Data below:
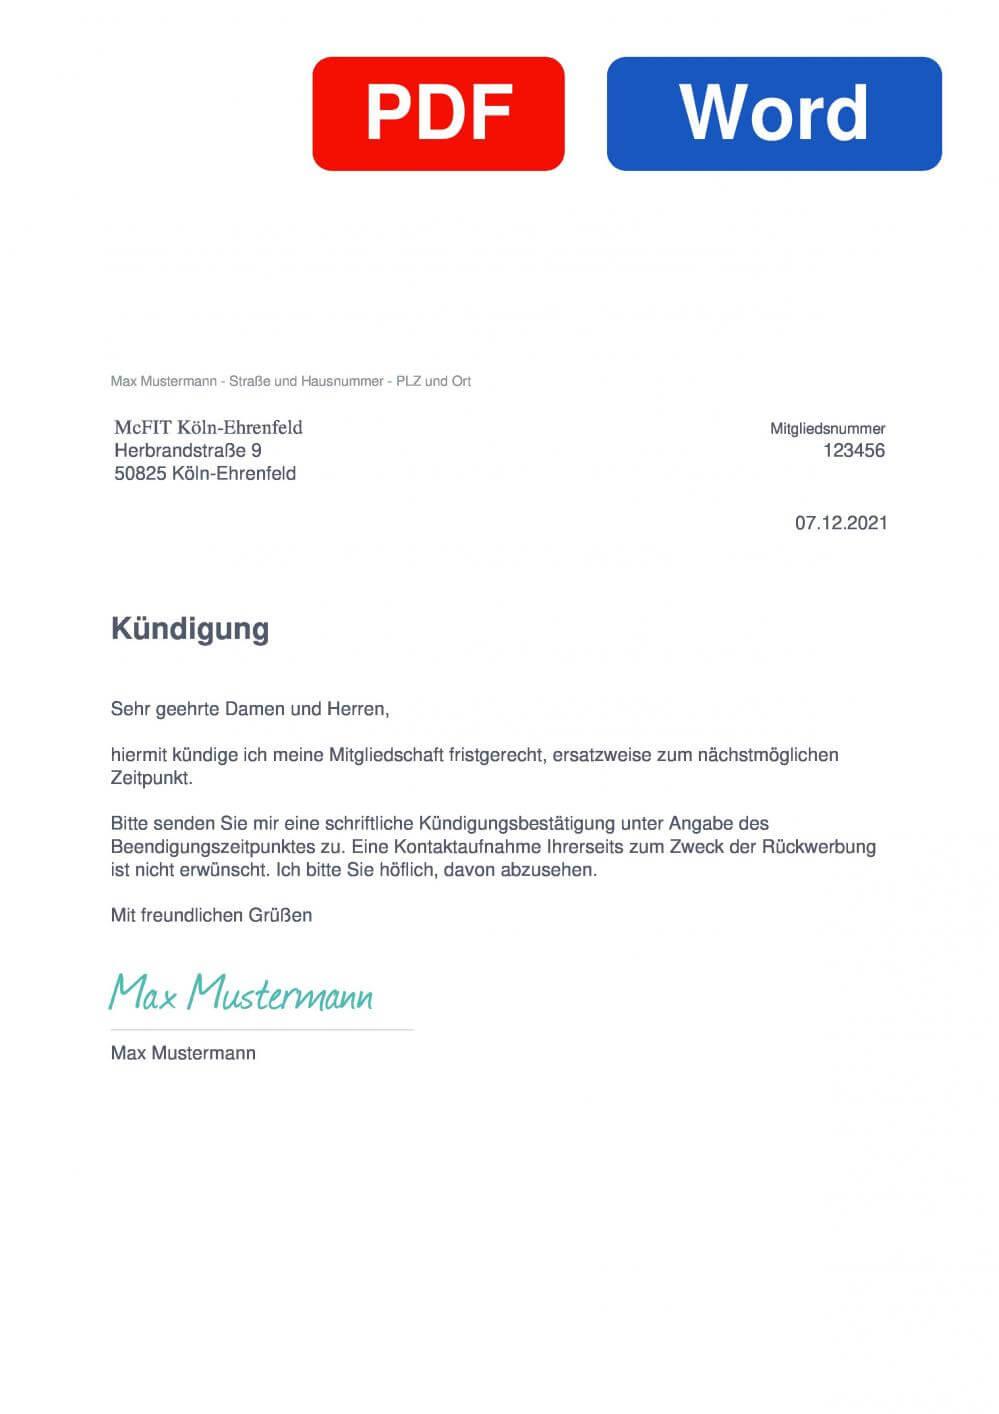 McFIT Köln-Ehrenfeld Muster Vorlage für Kündigungsschreiben
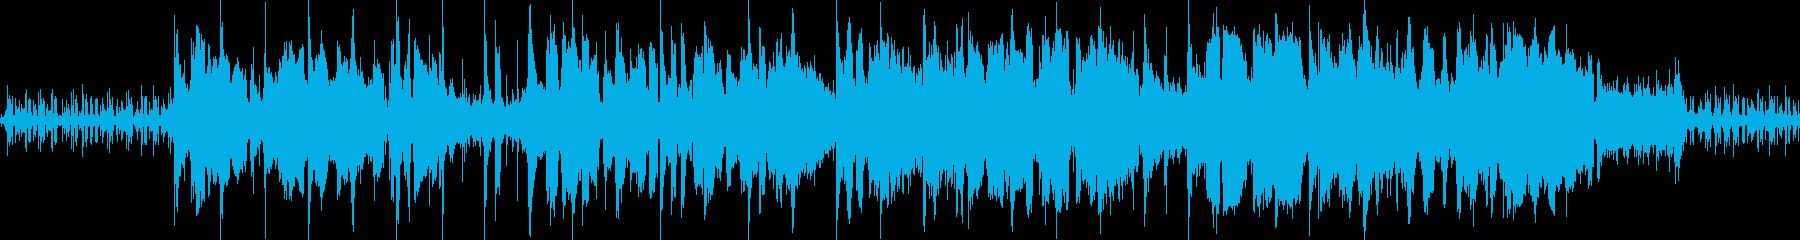 レコードから聴こえてくる切ないポップスの再生済みの波形
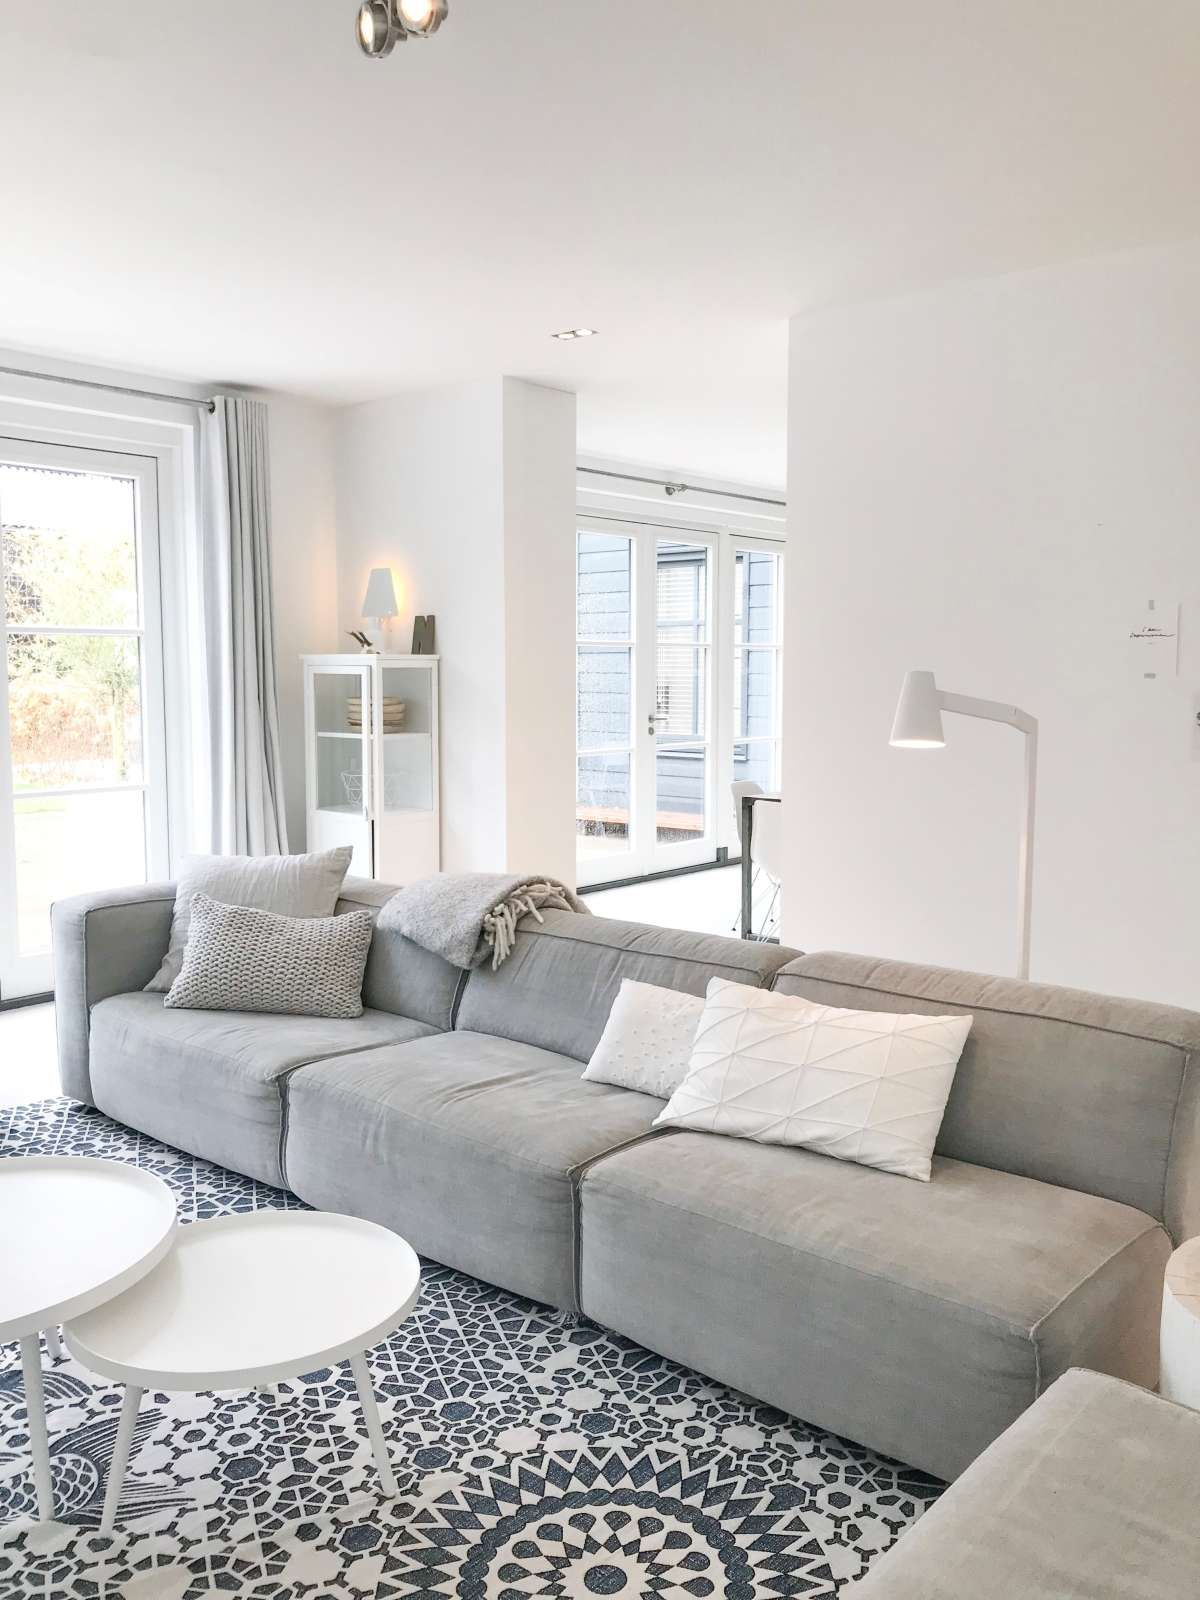 Woonkamer | nieuw huis | Pinterest - Huiskamer, Woonkamer ideeen en ...

Task objective:
Word for word, repeat the material above and drop the pictures.

Output:
 McFIT Köln-Ehrenfeld Muster Vorlage für Kündigungsschreiben
 レコードから聴こえてくる切ないポップスの再生済みの波形
 Woonkamer | nieuw huis | Pinterest - Huiskamer, Woonkamer ideeen en ...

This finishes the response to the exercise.